Comment 3 Ludovic Henry 2016-01-29 19:11:41 UTC
Hello TJ,

The issue lie in the way the GC scan registers on ARM. We are missing some of them leading to a object being freed, while it's still accessible. The fix is available here : https://github.com/mono/mono/pull/2540. With it, I can run for tens of thousands of collections without a crash.

I am checking with @kumpera when and we were we will have a release with this fix.

Thank you again,
Comment 4 T.J. Purtell 2016-01-29 19:33:02 UTC
Interesting, thank you very much for tracking this down! :)
Comment 5 T.J. Purtell 2016-02-02 06:06:25 UTC
It definitely seems a bit weird that PC, SP, or LR have a GC root that isn't scanned for other reasons.  The patch seems to add a lot of roots and perhaps this alters the timing so that it makes the problem "disappear".
Comment 6 Ludovic Henry 2016-02-02 13:36:37 UTC
The previous issue arise when we would suspend the thread on the loopback of Interlocked.Exchange. The implementation is as follow:

> 0x17220c <+92>:   dmb    sy // full memory barrier
> 0x172210 <+96>:   ldrex  lr, [r0] // lr= *r0
> 0x172214 <+100>:  strex  r12, r1, [r0] // *r0 = r1, r12 = succcess?
> 0x172218 <+104>:  cmp    r12, #0 // r12 == success?
> 0x17221c <+108>:  bne    0x17220c // loop back if not success - it would crash if suspended here
> ...
> 0x172228 <+120>:  mov    r1, lr // r1 = lr, we would scan r1, but it's too late.
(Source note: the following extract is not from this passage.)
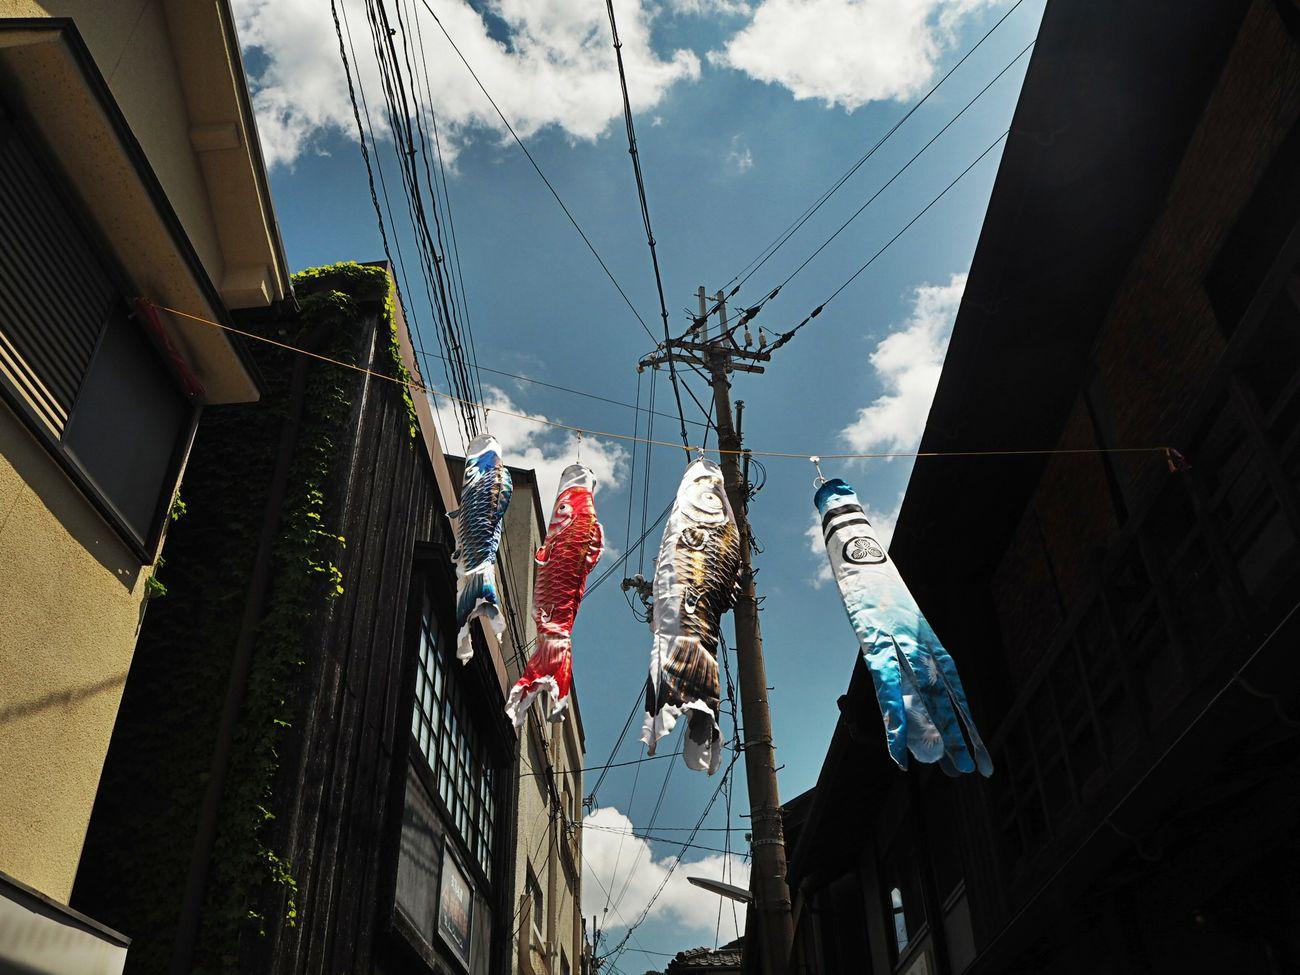 鯉のぼり。明日はこどもの日。 Sky Architecture Low Angle View Streetphotography On The Road Onsen Travel Taking Photos Beautiful Japan No People 鯉のぼり

The issue was we wouldn't scan the LR register as it's at word 15 of MonoContext, but on ARM we would only scan 14 words. We would then not pin, or even mark the obj which has just been CAS. We would have garbage in LR reg as it wouldn't point to the appropriate object anymore (potentially garbage).
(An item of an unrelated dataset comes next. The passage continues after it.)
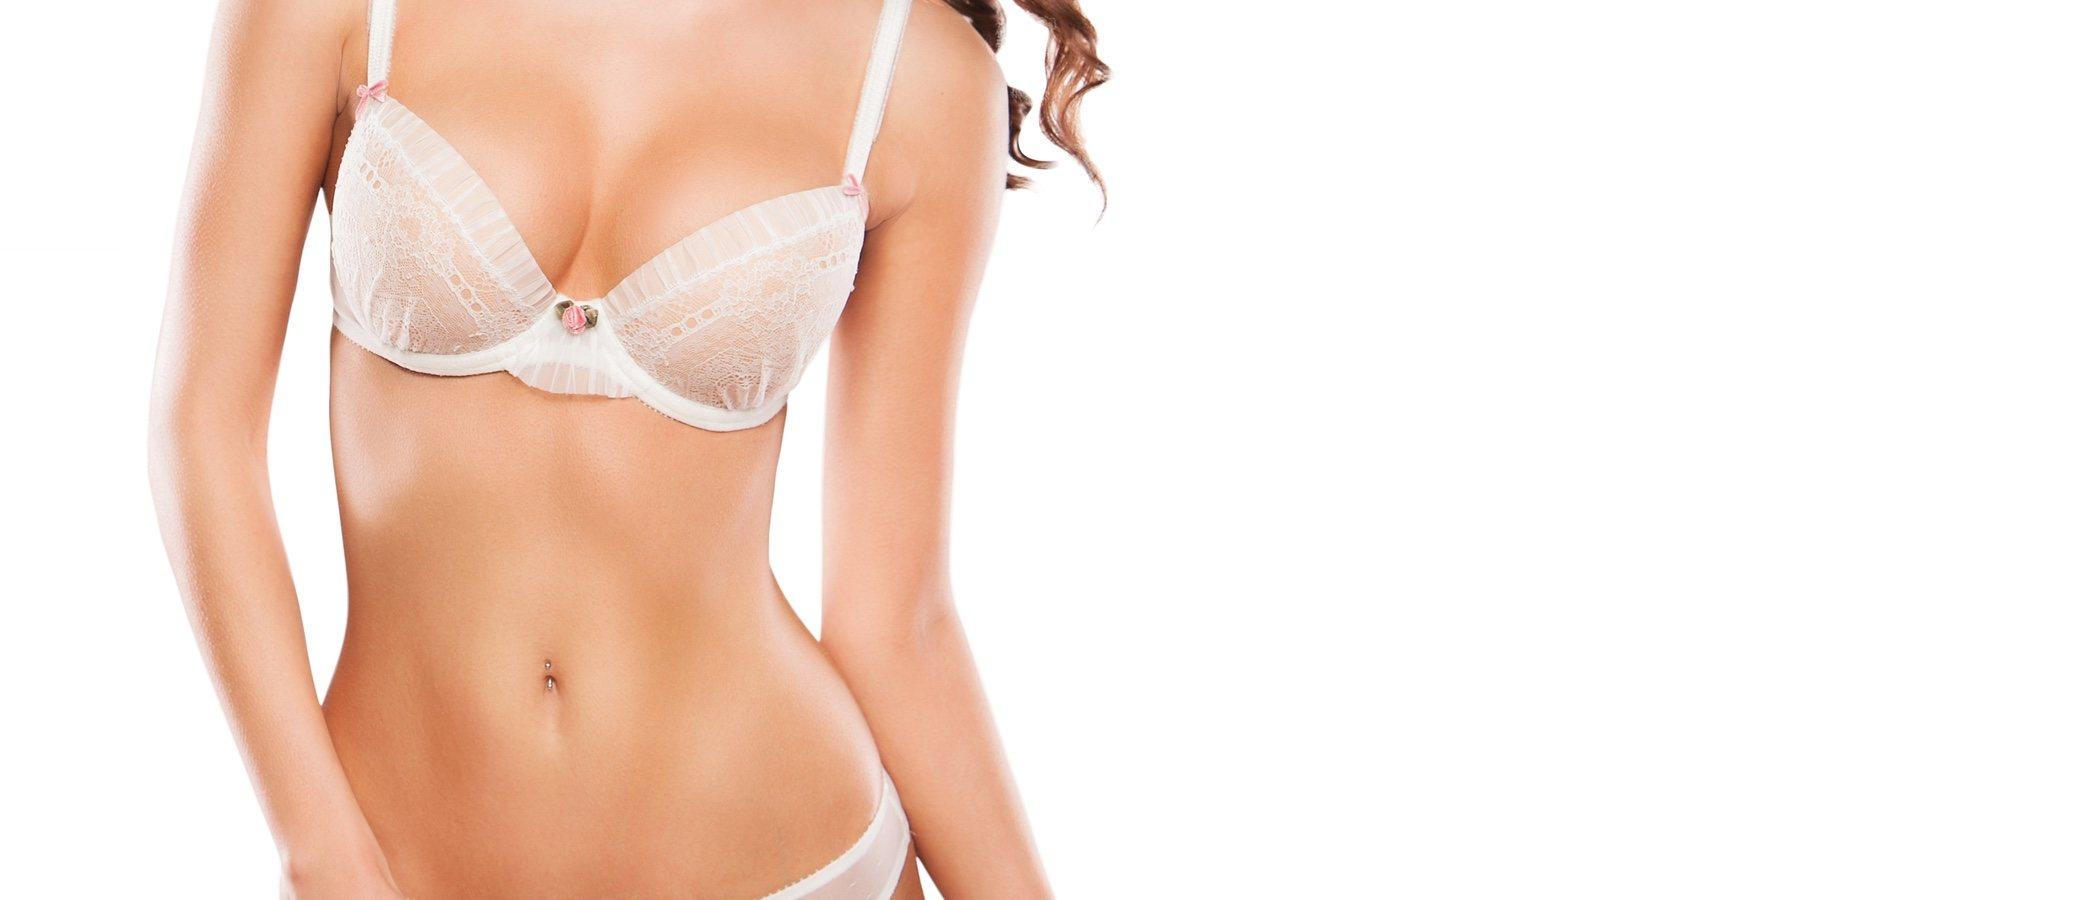 Ejercicios para fortalecer el pecho sin cirugía

The time taken by scanning here is not relevant, as it's the location of the suspend that had an influence. So scanning more regs will not change anything, and even performance wise, we now scan 34 words, instead of 14, so that will not change anything substantial.
Comment 7 T.J. Purtell 2016-02-02 18:38:23 UTC
Ah, I see.  The special named register is not so special here :).  Now, I can see why this was so tricky to track down.  I am hopeful this might fix some other random crash type issues that I see from the field, but never was able to get a concrete repro case for, since it seems it would affect many things including concurrent collection types.  Excited to try it out!
Comment 8 Rajneesh Kumar 2016-03-01 14:06:28 UTC
I have checked this issue and, I am successfully able to build and run attached test sample provided in Bug description.
[Build Info: Master]

Screencast: http://www.screencast.com/t/I8gWAmMRtKh

This issue has been fixed in master, I will Re-Verify this issue when fix will merged in release branch.
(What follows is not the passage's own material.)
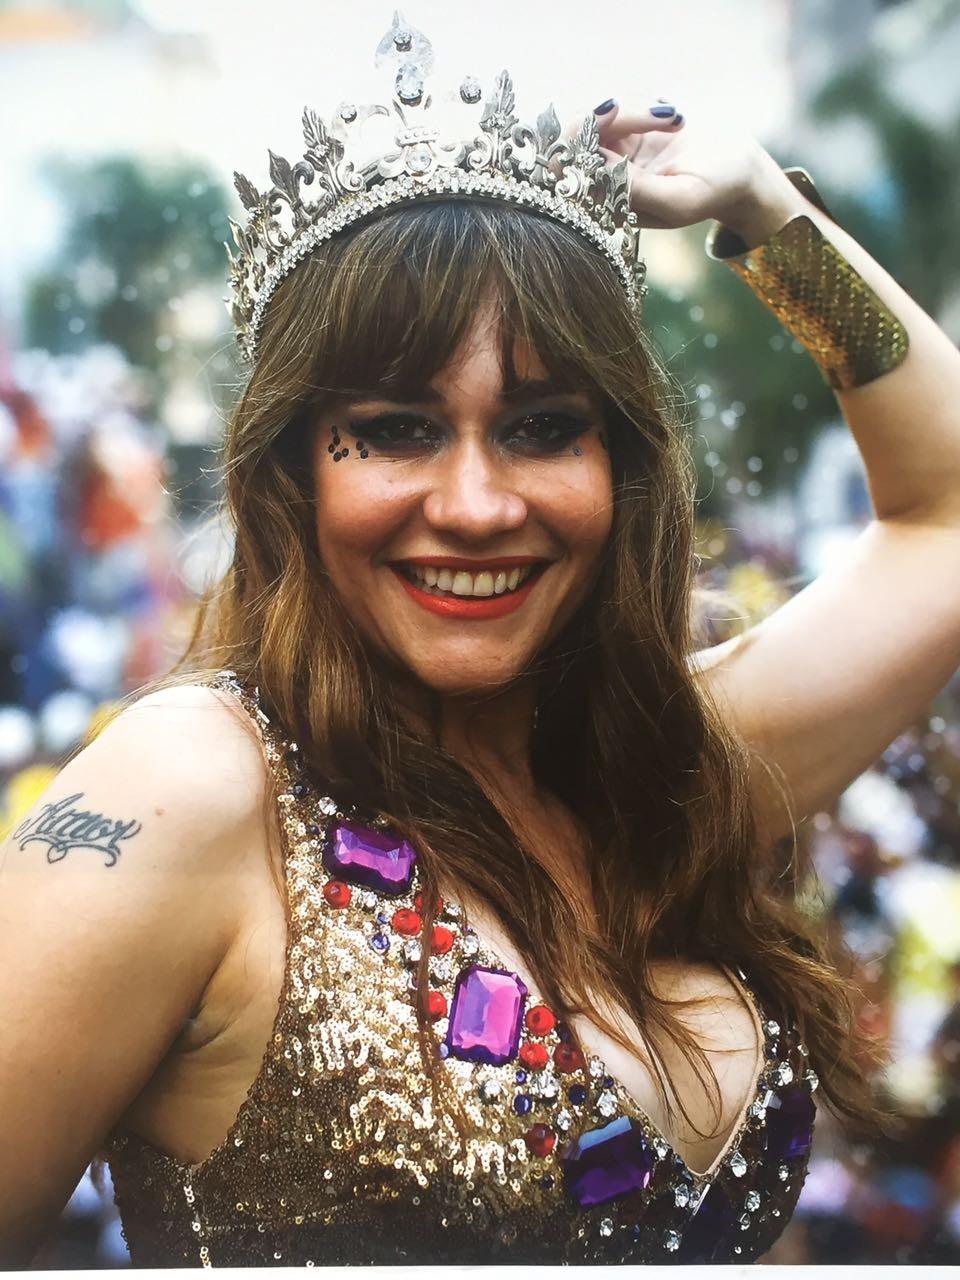 Alessandra Negrini, rainha do bloco, fará parte da programação cultural do novo espaço (Foto: Frâncio de Holanda)

Device info: iPhone 4s iOS Version 9.2(13C75)
Environment Info: https://gist.github.com/Rajneesh360Logica/323f4278de7f7ea50229
Application Output: https://gist.github.com/Rajneesh360Logica/8e7ba9298b44c72314a2
Comment 9 Rajneesh Kumar 2016-03-03 13:47:41 UTC
I have checked this issue with the following build from C6SR2:

I observed that this issue is working fine with this build. I am successfully able to build and run attached test sample provided in Bug 38012 description.

Screencast: http://www.screencast.com/t/ySisudGS
Device info: iPhone 4s iOS Version 9.2(13C75)

This issue has been fixed, hence I am closing this issue.